As a symbol of the nation, the personal conduct of George III gave dignity to the Hanover Dynasty that previously, despite its merits, had not been popular with the British public. George III’s John Bullnationalism was shared by his people, and he won respect by his probity of conduct and concern for his family. Even his personal quirks, such as his jerky mode of speech and his homespun hobbies, struck a sympathetic chord. His profligate sons, who succeeded him as George IV and William IV, aroused disdain. His true successor was Queen Victoria, who continued to give the British monarchy dignity and respect.

Bibliography

Ayling, Stanley. George the Third. New York: Alfred A. Knopf, 1972. A well-written and informative biography.

Brooke, John. King George III. London: Constable, 1972. A well-written personal biography by a leading scholar of the period.

Hibbert, Christopher. George III: A Personal History. New York: Addison-Wesley, 1997. Hibbert refutes the popular conception that George III was a tyrant, madman, or unsophisticated rube. Instead, Hibbert maintains the king was a hardworking constitutional monarch, a patron of the arts and sciences, and a loving husband and father.

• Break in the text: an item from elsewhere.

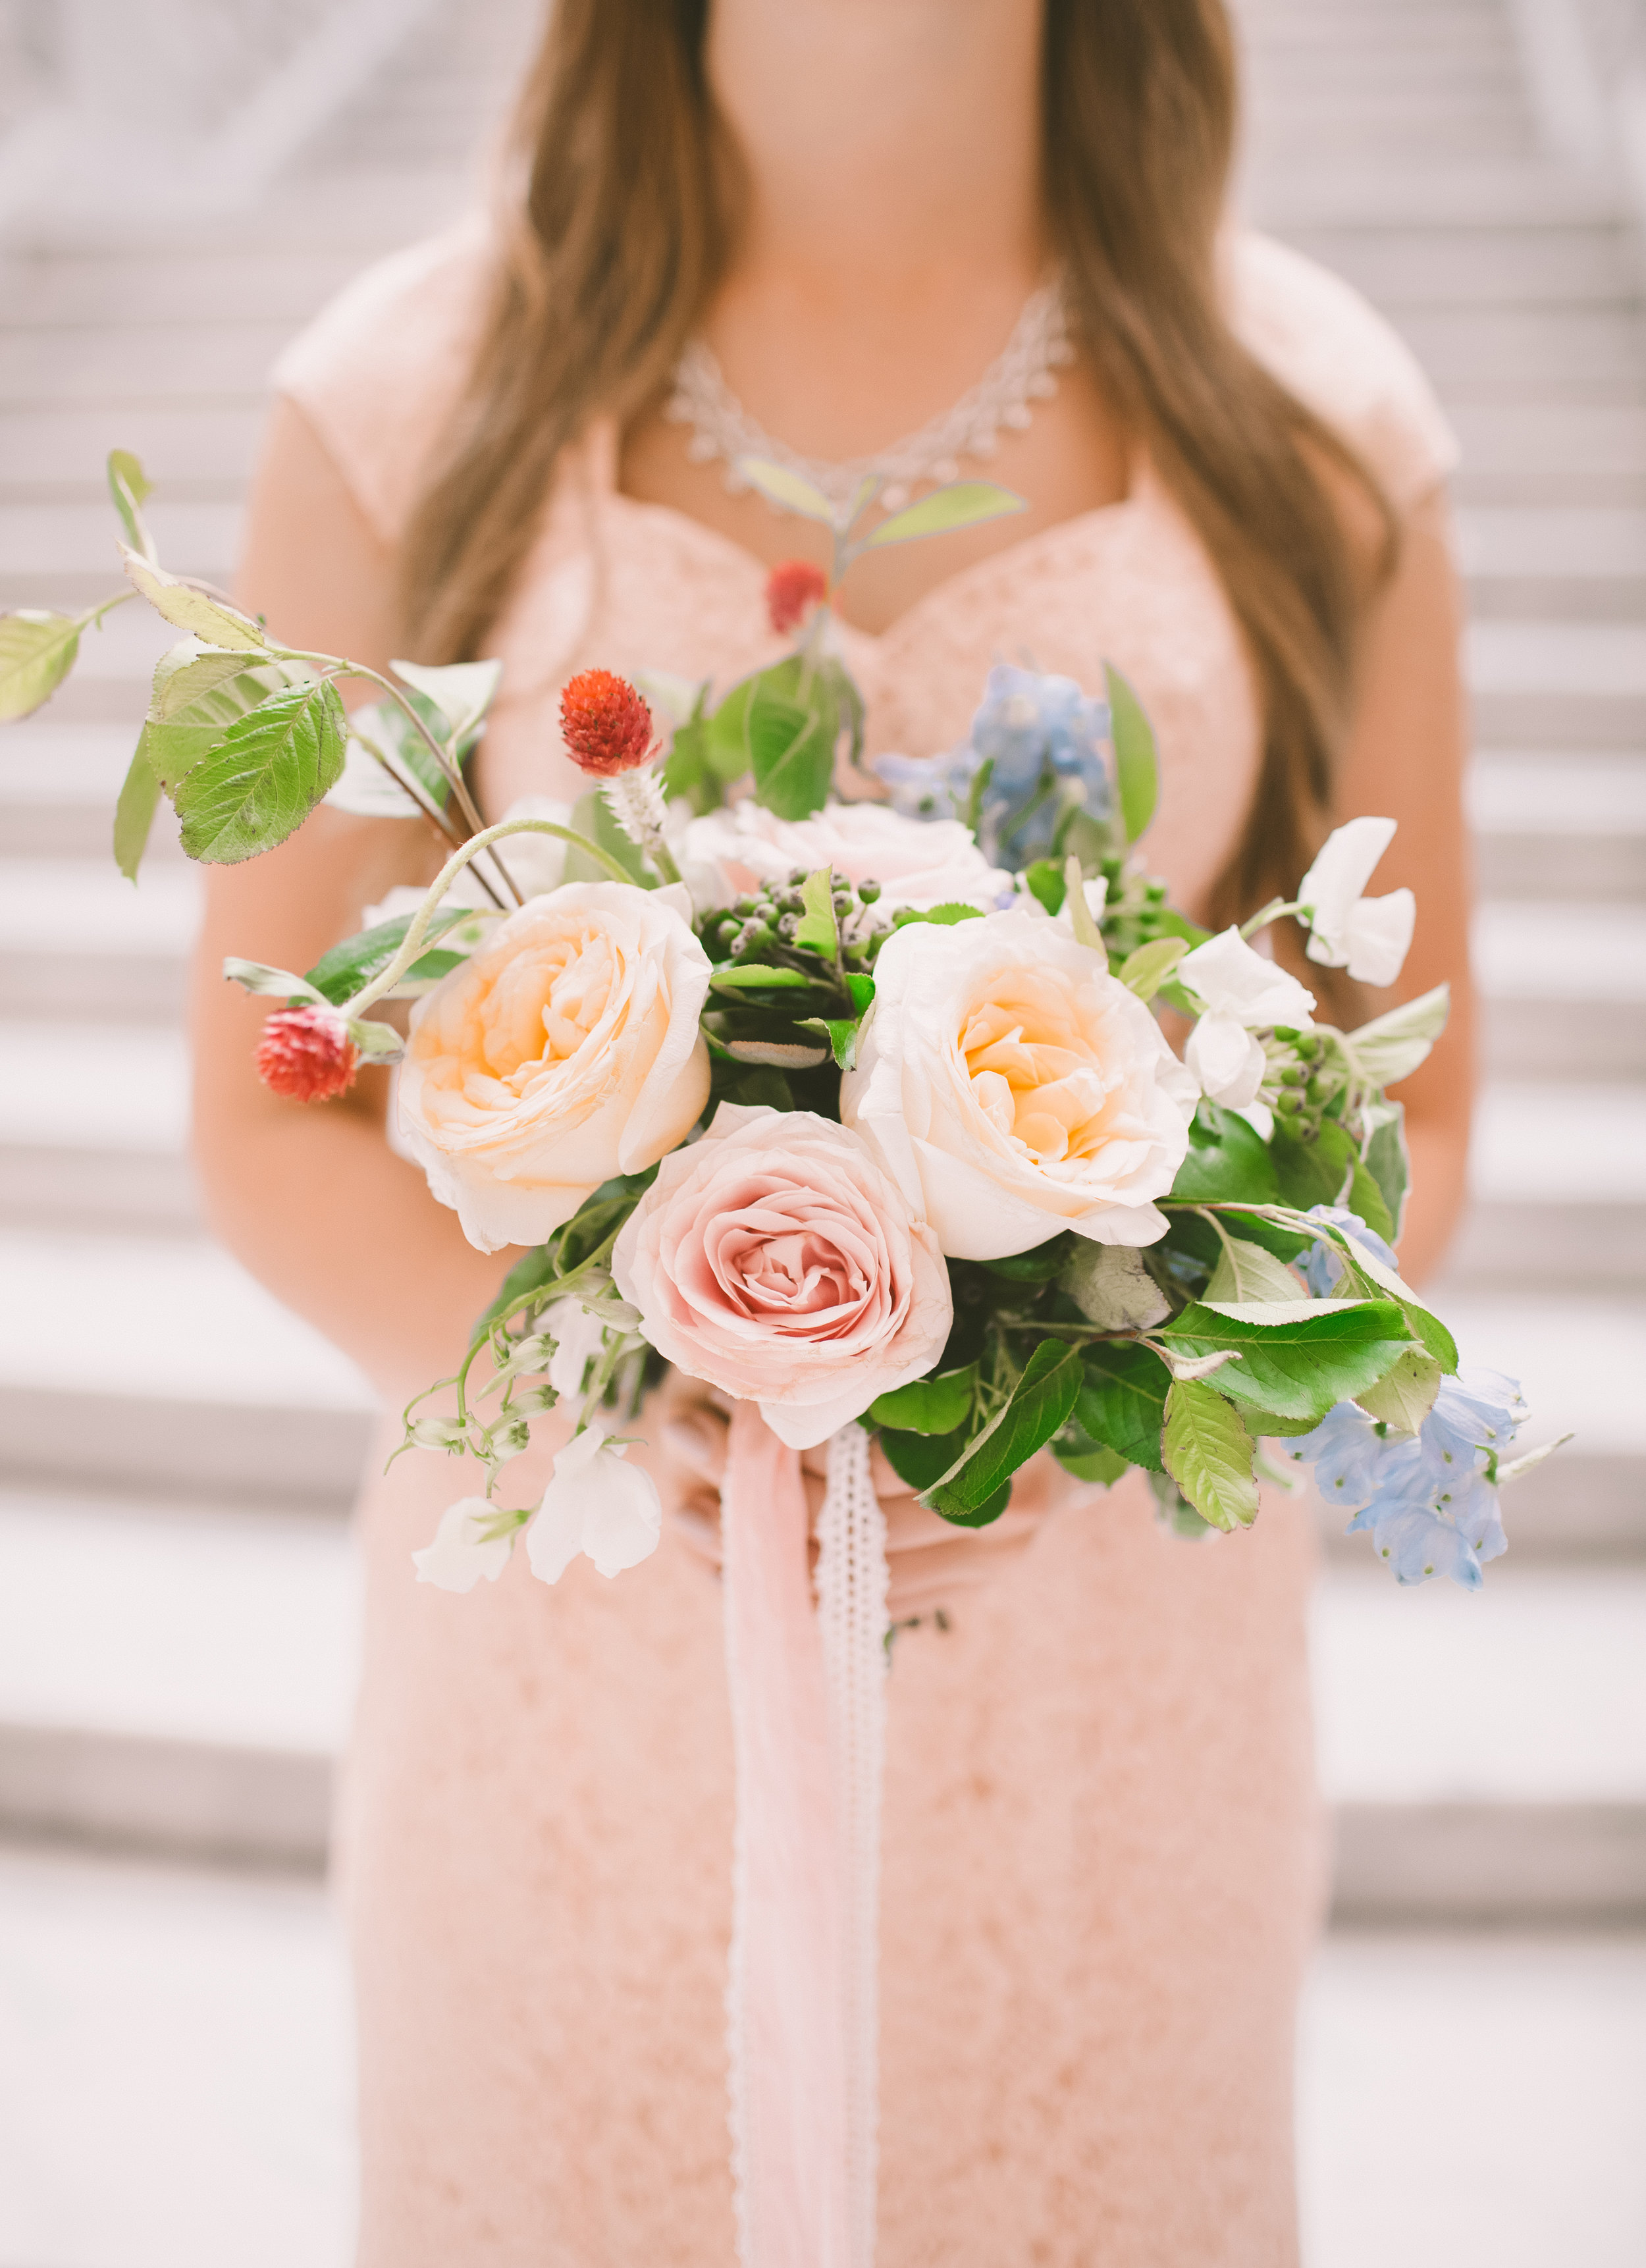 Utah State Capitol Wedding | Colorful Summer Wedding | Michelle Leo Events | Utah Event Planner and Designer | Jessica Janae Photography

Macalpine, Ida, and Richard Hunter. George III and the Mad Business. London: Pimlico, 1991. George III has often been depicted as a raging lunatic, with serious mental problems. The authors, two psychiatrists, examined the king’s medical records and concluded he suffered from porphyria, a rare blood disease that was not properly treated and was responsible for his odd behavior.

Namier, Sir Lewis. The Structure of Politics at the Accession of George III. 2d ed. London: Macmillan, 1957. Seminal study of parliamentary politics in 1760.

Pares, Richard. King George III and the Politicians. Oxford, England: Clarendon Press, 1953. The best study of the political role of the king.

Plumb, J. H. The First Four Georges. Rev. ed. Boston: Little, Brown, 1975. Interesting, well-written chapters on the Hanover monarchs by the outstanding authority on the period. Profusely illustrated.

Reitan, E. A. George III: Tyrant or Constitutional Monarch? Lexington, Mass.: D. C. Heath, 1964. Introduction and selections illustrating historical interpretations of the character and purposes of King George III.

Watson, J. Steven. The Reign of George III, 1760-1815. Oxford, England: Clarendon Press, 1960. A good general overview of the period.